# La Pavoni acquired by Smeg



## MediumRoastSteam (Jul 7, 2015)

https://www.corriere.it/economia/consumi/19_settembre_23/smeg-compra-storiche-macchine-caffe-pavoni-227b7f1e-de2d-11e9-b3ae-814cb7847a2b.shtml

Interesting times ahead. Let's hope spares will remain readily available!

Sent from my iPhone using Tapatalk


----------



## Hasi (Dec 27, 2017)

Cheers, oh boy...


----------



## 2971 (May 7, 2012)

Oh Smeg!


----------



## ashcroc (Oct 28, 2016)

Cue delonghi machines with a la pav badge on the front.

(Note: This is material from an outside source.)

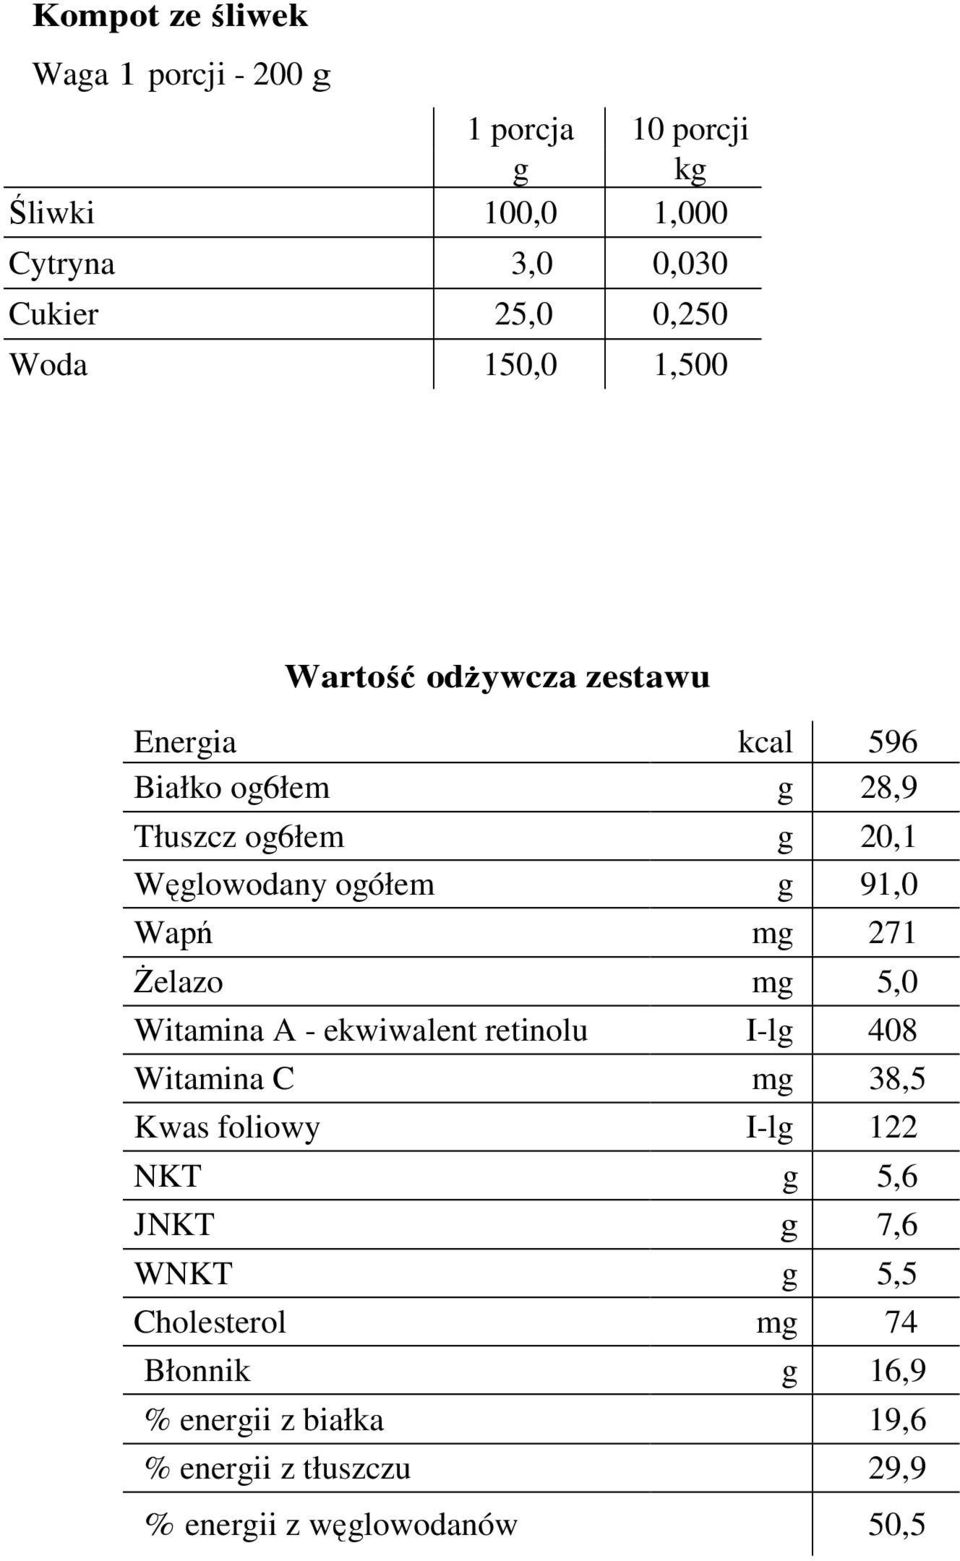 mg 271 śelazo mg 5,0 Witamina A - ekwiwalent retinolu I-lg 408 Witamina C mg 38,5 Kwas foliowy I-lg 122 NKT g 5,6 JNKT g

I hope I'm wrong & we start getting some decent Smeg branded machines instead.


----------



## KTD (Dec 28, 2017)

Hope not. Guess there may come a point when everybody states pre smeg before any recommendation.

Sent from my iPhone using Tapatalk


----------



## Planter (Apr 12, 2017)

Sent from my LYA-L09 using Tapatalk


----------



## ashcroc (Oct 28, 2016)

KTD said:


> Hope not. Guess there may come a point when everybody states pre smeg before any recommendation.
> 
> Sent from my iPhone using Tapatalk


Anything is possible & to be fair, there have been some very entry level la pavs in the past. If the quality doesn't go down & we start seeing la pavs in Smeg stockists it's win win.


----------



## MediumRoastSteam (Jul 7, 2015)

More "news"

https://www.smeg.com/us/news/2019/smeg-acquires-leading-italian-espresso-machine-manufacturer-la-pavoni.html

Showroom in Oxfordshire HQ:

https://www.smegfoodservice.com/uk/news/la-pavoni-coffee-machines-coming-soon-in-2021/


----------



## MartinB (May 8, 2011)

MediumRoastSteam said:


> More "news"
> 
> https://www.smeg.com/us/news/2019/smeg-acquires-leading-italian-espresso-machine-manufacturer-la-pavoni.html
> 
> ...


 About 2 miles from where I live! May have to pay a visit...


----------